Shuki Gleitman's GIBF raising $300 million in China for second biotech fund
The Guangzhou Sino-Israel Biotech Investment Fund (GIBF) focuses on life science investments and cooperates with leading Guangzhou organizations to bring Israeli biotech firms to the massive Chinese metropolitan
The Guangzhou municipal government and Shuki Gleitman, the former chief scientist of the Israel Ministry of Industry and Trade, are raising $300 million for the Guangzhou Sino-Israel Biotech Investment Fund’s (GIBF) second fund. Calcalist has learned that the fund has already secured commitments to the tune of $200 million and is set to reach $300 million in the coming weeks.
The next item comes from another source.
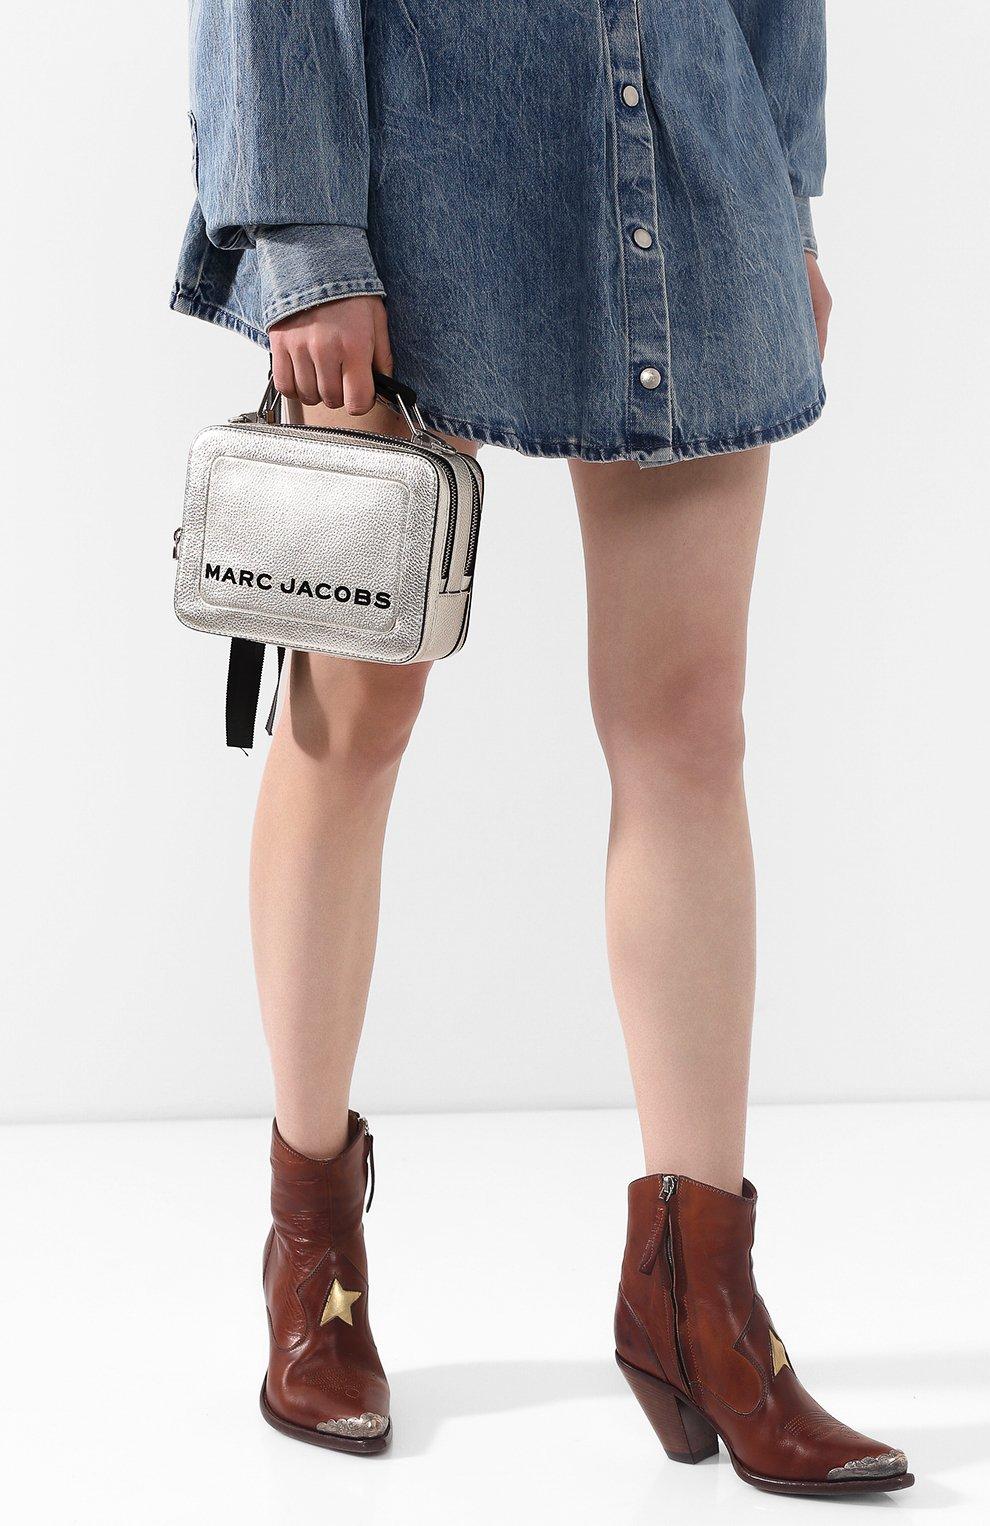 Женская сумка the box 20 MARC JACOBS (THE) серебряного цвета, арт. M0016183 | Фото 2

GIBF raised $100 million for its first fund for investments in Israeli companies specializing in medical devices. The fund is still active and has to date invested in eight Israeli companies, including InMode, which has already gone public, currently trading at a market cap of $3.25 billion on Nasdaq after completing its IPO at a $450 million valuation in 2019. GIBF registered a return of 3.5x on its investment in InMode. Additional companies in which the fund has invested include CarboFix, Visionix, Alpha Omega, and G-Medical.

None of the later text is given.